The implications of breaking the million-token-per-second barrier are far-reaching. For enterprises, this level of performance makes it more feasible to deploy powerful, large-scale AI models without prohibitive costs or latency.[4] It opens up new possibilities for applications that require instantaneous processing of vast amounts of data, such as real-time language translation, complex financial modeling, and advanced scientific research. By demonstrating this capability on a commercially available cloud platform, Microsoft is signaling to the market that enterprise-grade, high-performance AI is no longer a niche or experimental technology but a reliable and scalable utility. The record serves as a proof point that the infrastructure required for transformative AI is now accessible, potentially accelerating the adoption of generative AI across various industries.[1][4]

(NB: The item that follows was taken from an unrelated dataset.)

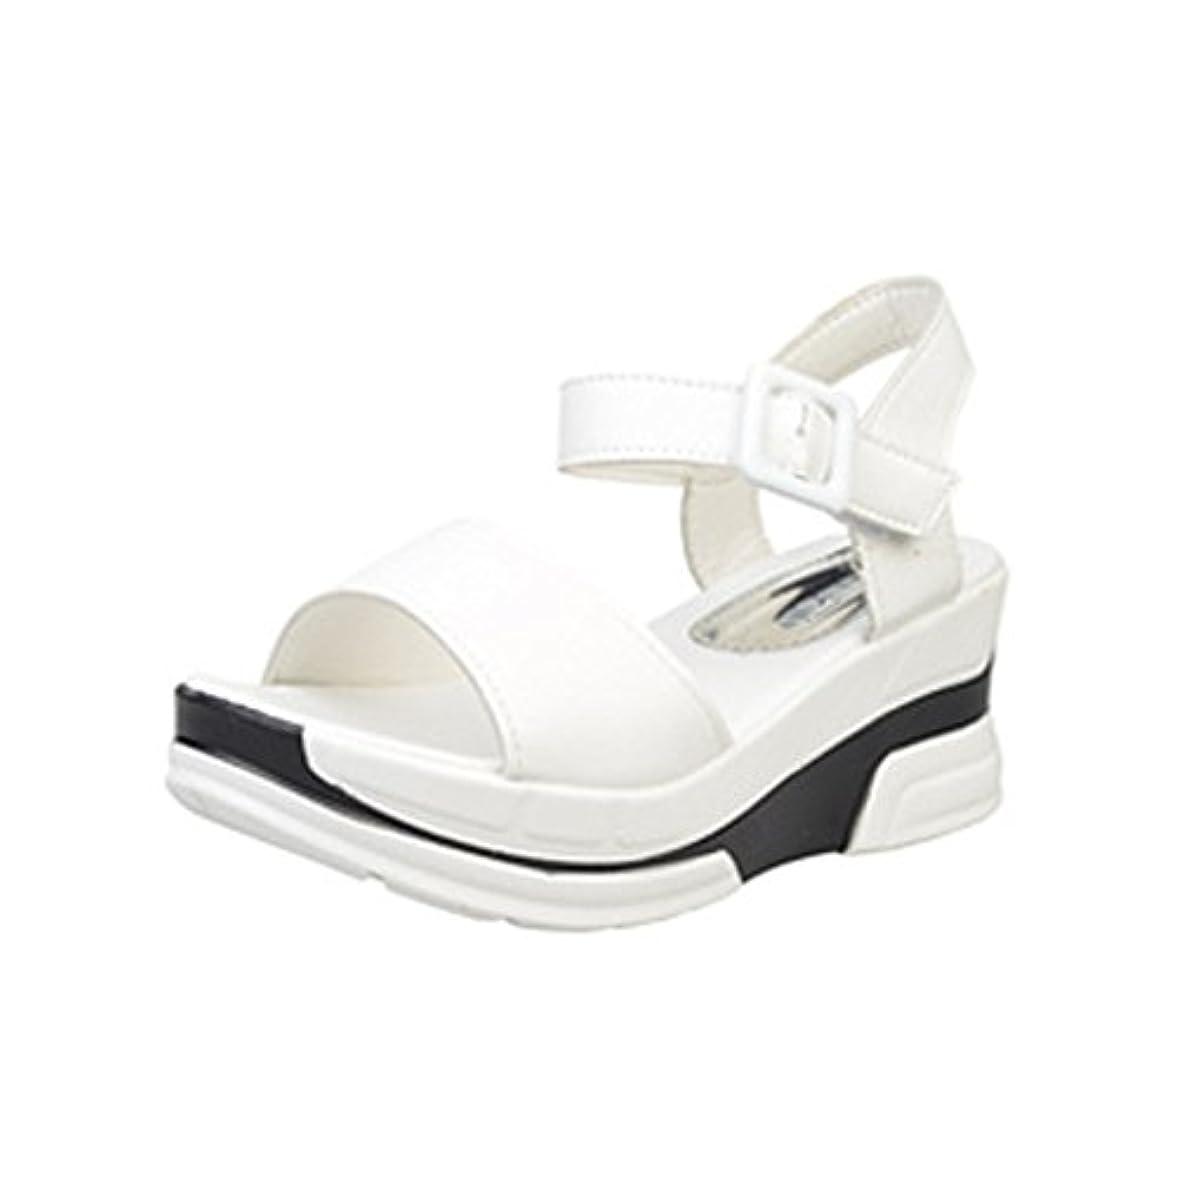 [シューズ Foreted] サンダル フラット アンクルストラップ 美脚 フォーマル 厚底 おしゃれ 夏 歩きやすい コンフォート ウェッジソール ぺたんこ靴 可愛い

In conclusion, Microsoft's new inference record is more than just a number; it is a clear indicator of the direction of the AI industry. The deep collaboration between Microsoft and NVIDIA continues to push the boundaries of what is possible in cloud computing and artificial intelligence.[5][4] This achievement in processing speed will likely intensify the competition among major cloud providers to offer the most powerful and efficient AI infrastructure. For developers and businesses, this milestone promises a future where sophisticated AI models are faster, more accessible, and more integrated into daily operations, ultimately driving the next wave of innovation powered by artificial intelligence.